PA28 associates and reduce constitutive proteasomes activity to promote immunoproteasome function

Protein homeostasis is a fundamental requirement from all living organisms to sustain viability in an ever-changing environment. One of the key components in maintaining protein homeostasis is the 26S proteasome that is composed of a catalytic particle (20S) and a regulatory particle (19S). In addition to the 26S core particle, several alternative regulatory complexes have been identified and presumed to regulate 20S proteasomal activity under specific conditions. One such particle is the PA28ab heptameric ring that is transcriptionally induced by interferon γ (IFN- γ), along side with unique catalytic subunits of the immunoproteasome. The central role of the ubiquitin-proteasome system in antigen presentation together with the above findings placed the PA28 particle as a bona-fide component of the immunoproteasome.
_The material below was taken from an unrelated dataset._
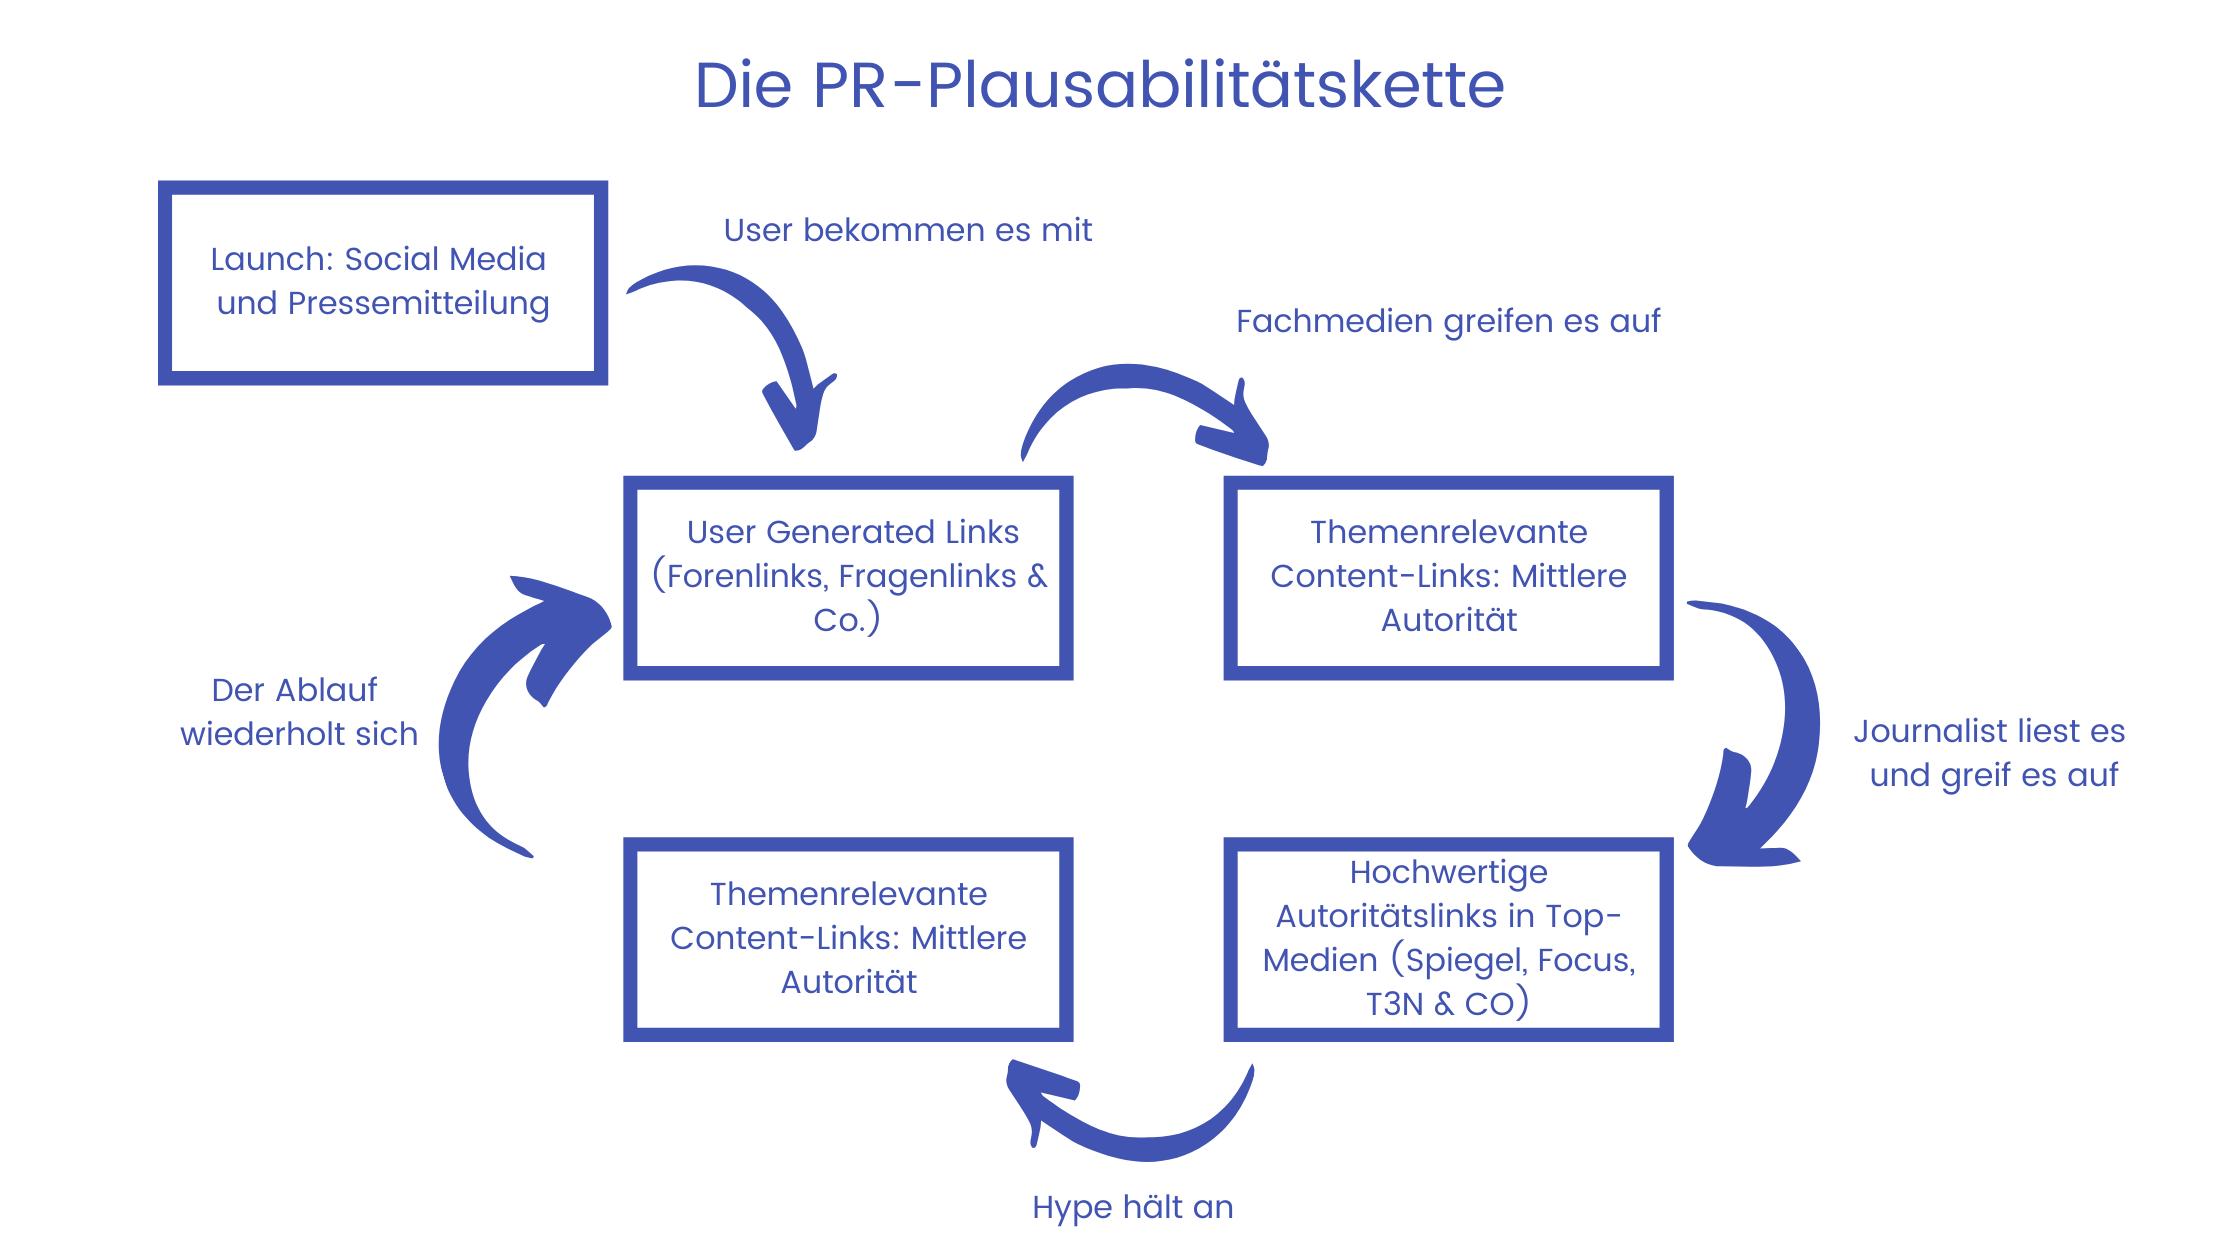 Die PR-Plausabilitätskette beim Linkaufbau

We present new data showing that PA28 association with the proteasome is regulated by specific stress conditions, that do not necessarily induce the expression of the immunoproteasome catalytic subunits. Furthermore, even under IFN- γ stimulation, the immunoproteasome is found to be mutually exclusive from the PA28-constitutive proteasome particle. We demonstrate the influence of PA28 on 20S catalytic accessibility and postulate the role of PA28ab on antigenic cross-presentation.

We propose a novel mechanism for protein degradation in oxidative stress and immune challenge, suggesting PA28 plays a role in shifting the flux of protein degradation in the cell towards autophagy or to the immunoproteasome, to tackle proteotoxic effects of oxidized proteins.